Two of the challenges that Nutcracker Therapeutics, a US-based RNA medicines company, has been working through are how to approach the manufacturing of RNA-based drugs for personalized therapies and how to bridge the gap between smaller-scale companies and clinical trial-scale studies, says Colin McKinlay, senior director, Chemistry and Delivery Technologies, Nutcracker Therapeutics.

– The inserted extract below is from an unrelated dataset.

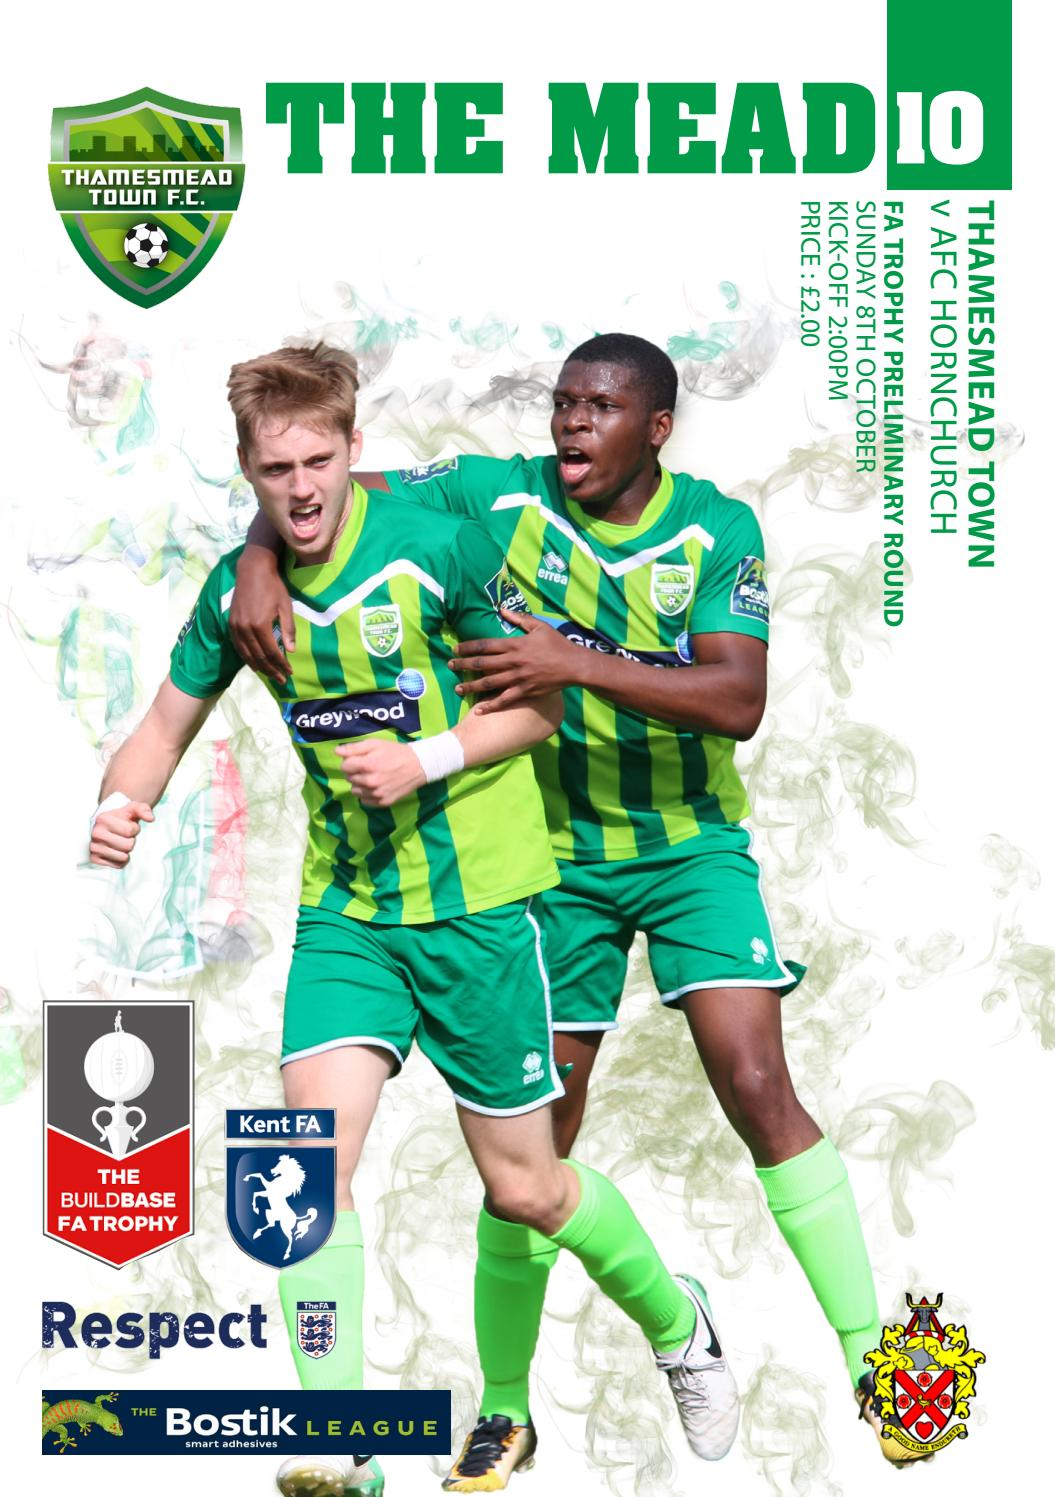 91c28f1d82 Thamesmead Town vs AFC Hornchurch by Jamie Barwick - issuu
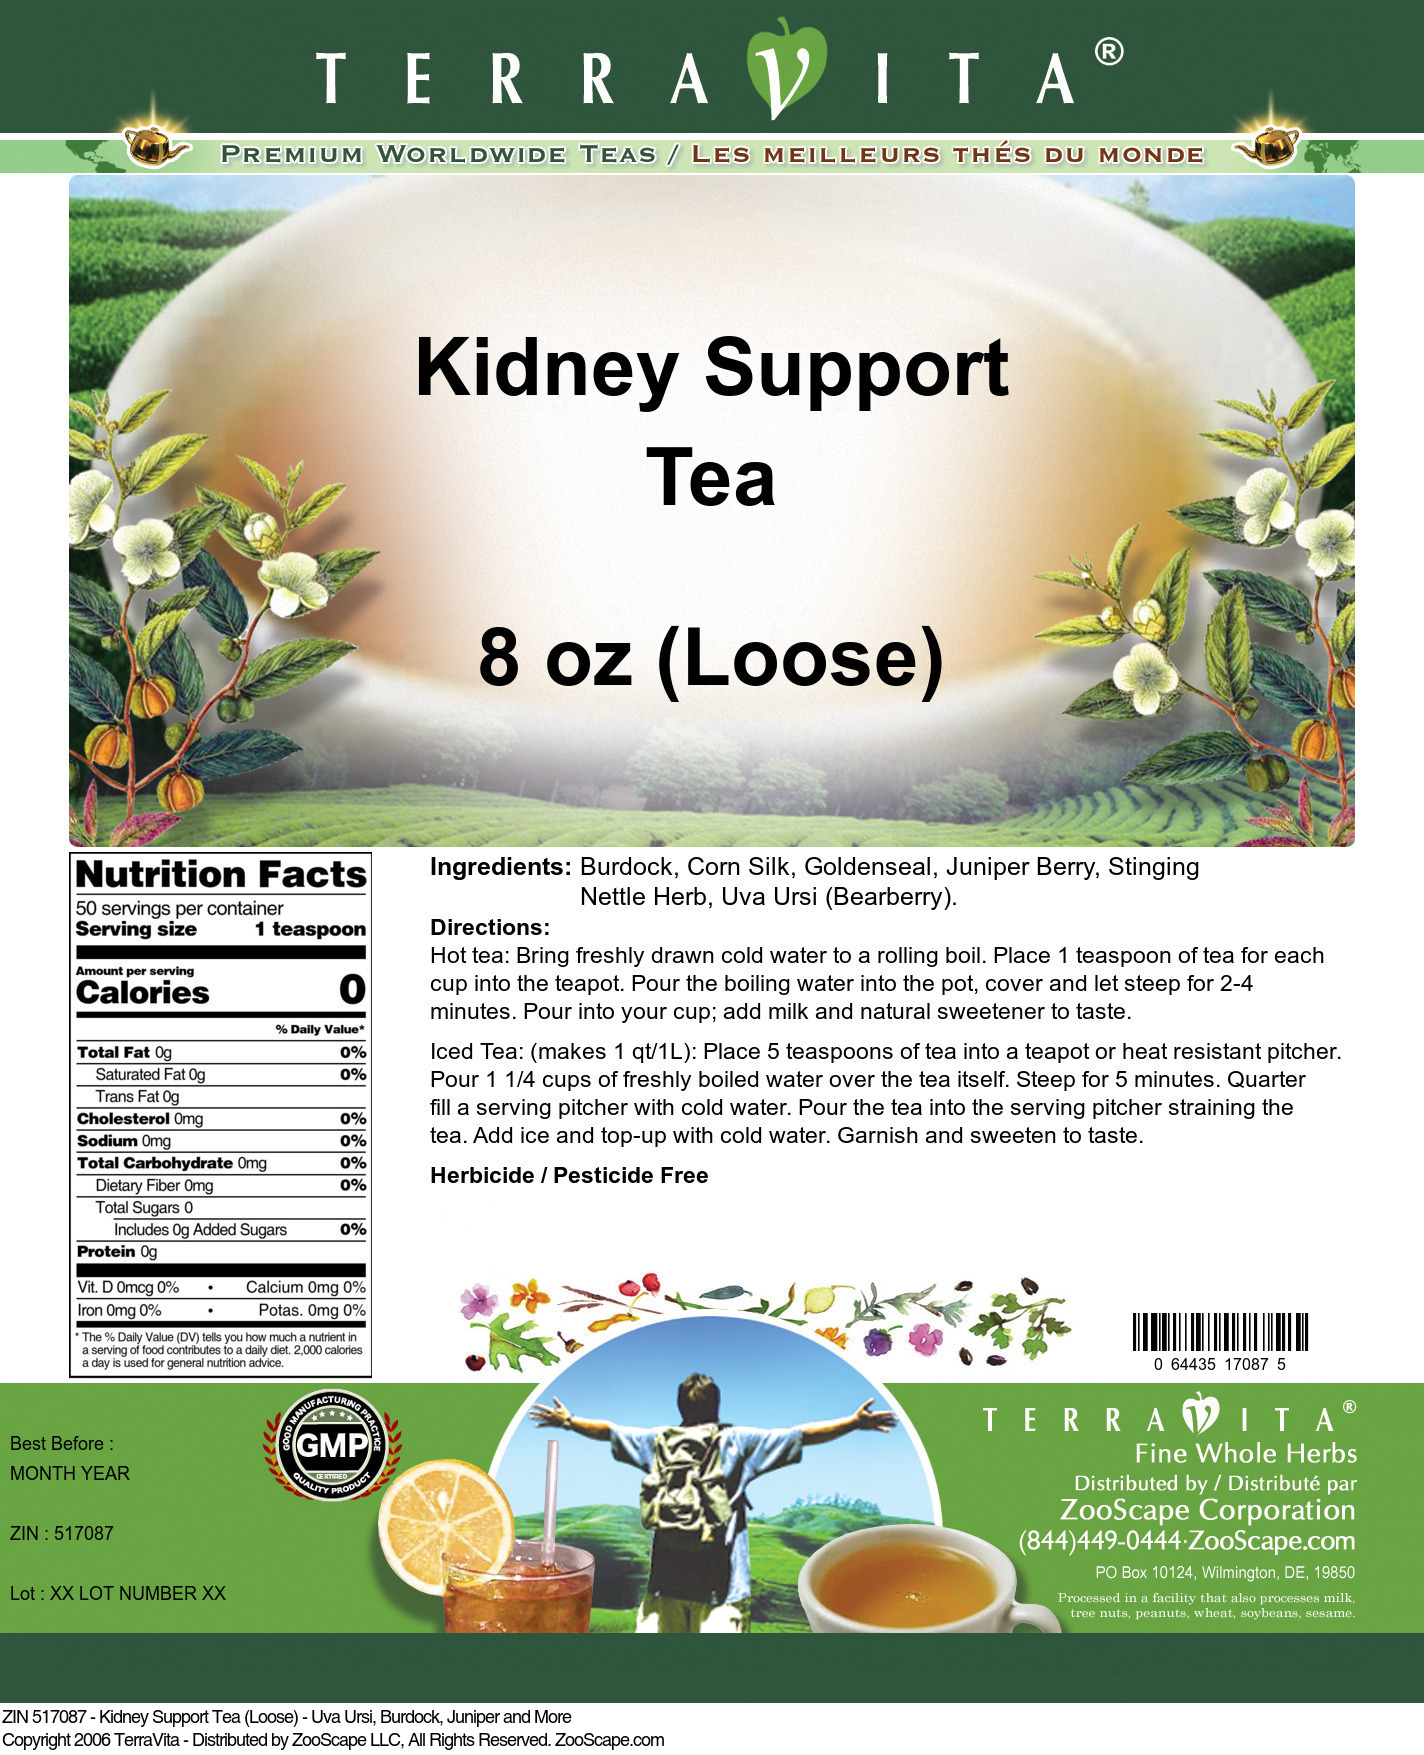 Kidney Support Tea (Loose) - Uva Ursi, Burdock, Juniper and More

“I think one of the lessons learned from the whole COVID[-19] pandemic and putting together the mRNA [messenger RNA]-based vaccines for COVID[-19] was that we could actually scale these up to … worldwide scales, and that we were able to do that fairly effectively. But starting to think about distributing and manufacturing mRNA drugs, where every patient has a different type of formulation, I think that starts to be a different type of challenge,” McKinlay says.

“[A]nother area that has [many] challenges associated with it is really being able to bridge smaller-scale companies … bridge their research work into Phase I, Phase II clinical-trial scale and get them materials that they need for conducting those trials,” he adds, noting that while there are many commercial suppliers available for research-grade mRNA and making mRNA at that small scale for drug discovery work, the cost for scaling up to larger-scale commercial manufacturing can be prohibitive. Therefore, there is need in the market for enabling small startups to scale up manufacturing, for both mRNA and lipid nanoparticles (LNPs).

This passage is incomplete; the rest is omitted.